A transistor connected at common emitter mode contains load resistance of `5 k Omega`. If the input peak voltage is 5 mV and the current gain is 50, find the voltage gain.

To solve the problem step by step, we will use the formula for voltage gain in a common emitter transistor configuration. ### Step-by-Step Solution: 1. **Identify Given Values:** - Load Resistance (\( R_L \)) = \( 5 \, k\Omega = 5000 \, \Omega \) - Input Peak Voltage (\( V_{in} \)) = \( 5 \, mV = 0.005 \, V \) - Current Gain (\( \beta \)) = \( 50 \) 2. **Understand the Formula for Voltage Gain:** The voltage gain (\( A_v \)) in a common emitter configuration can be calculated using the formula: \[ A_v = \beta \times \frac{R_L}{R_{in}} \] where \( R_{in} \) is the input resistance.
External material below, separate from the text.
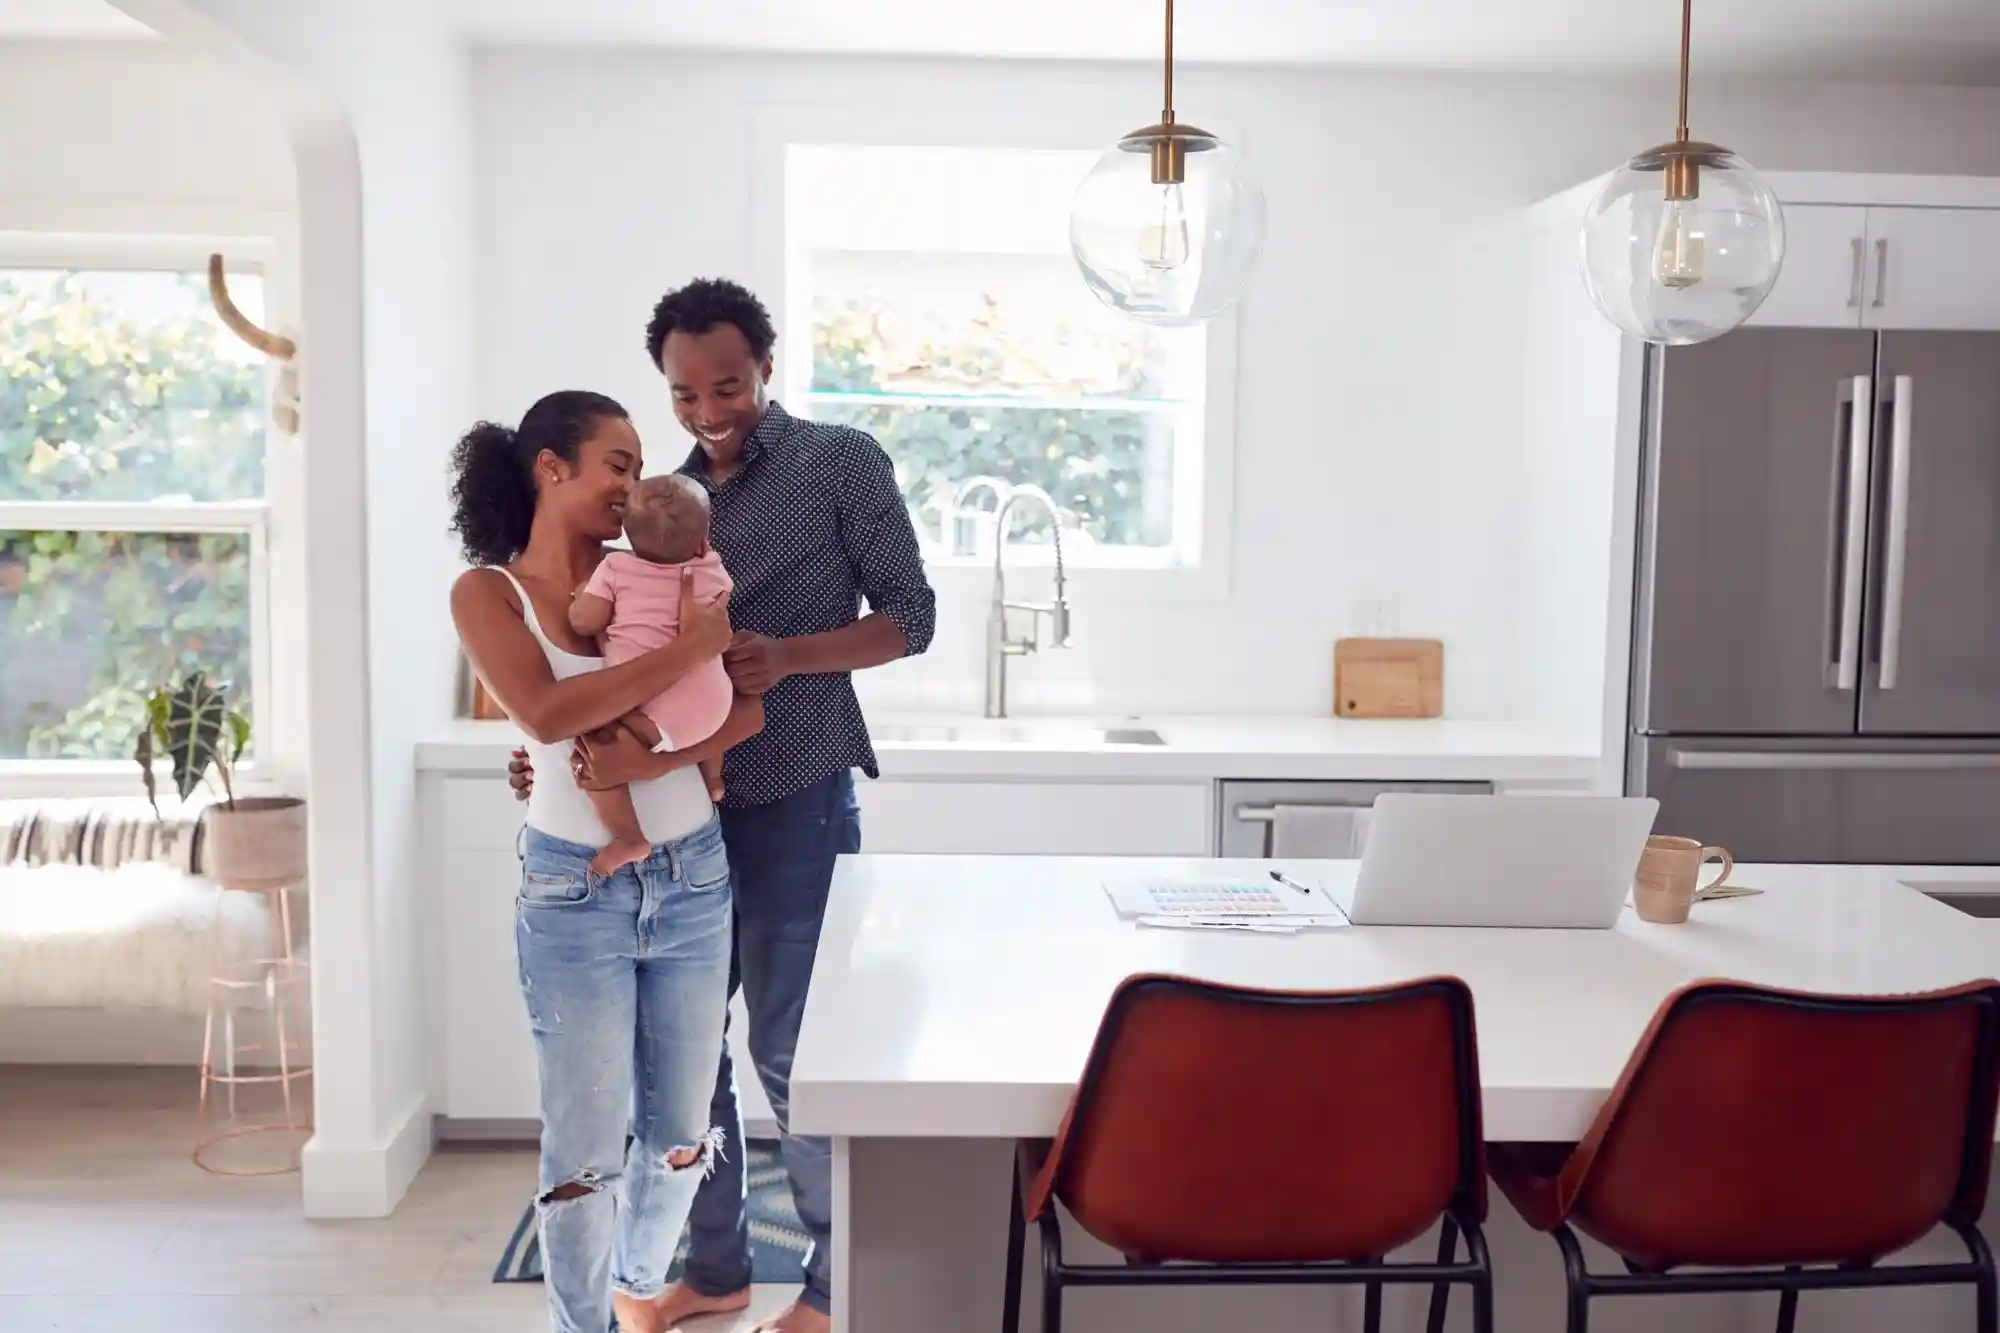 5 Melhores tipos de imóveis para viver a dois: imagem de casal com bebê em sua casa, com cadeiras, mesas, geladeira e espaço integrado.

For this problem, we will assume a typical value for \( R_{in} \) which is \( 1000 \, \Omega \) (1 kΩ). 3. **Substitute the Values into the Formula:** Now, we can substitute the known values into the voltage gain formula: \[ A_v = 50 \times \frac{5000 \, \Omega}{1000 \, \Omega} \] 4. **Calculate the Voltage Gain:** First, calculate the fraction: \[ \frac{5000}{1000} = 5 \] Now substitute this back into the equation: \[ A_v = 50 \times 5 = 250 \] 5. **Final Result:** Therefore, the voltage gain \( A_v \) is: \[ A_v = 250 \] ### Conclusion: The voltage gain of the transistor in common emitter mode is **250**.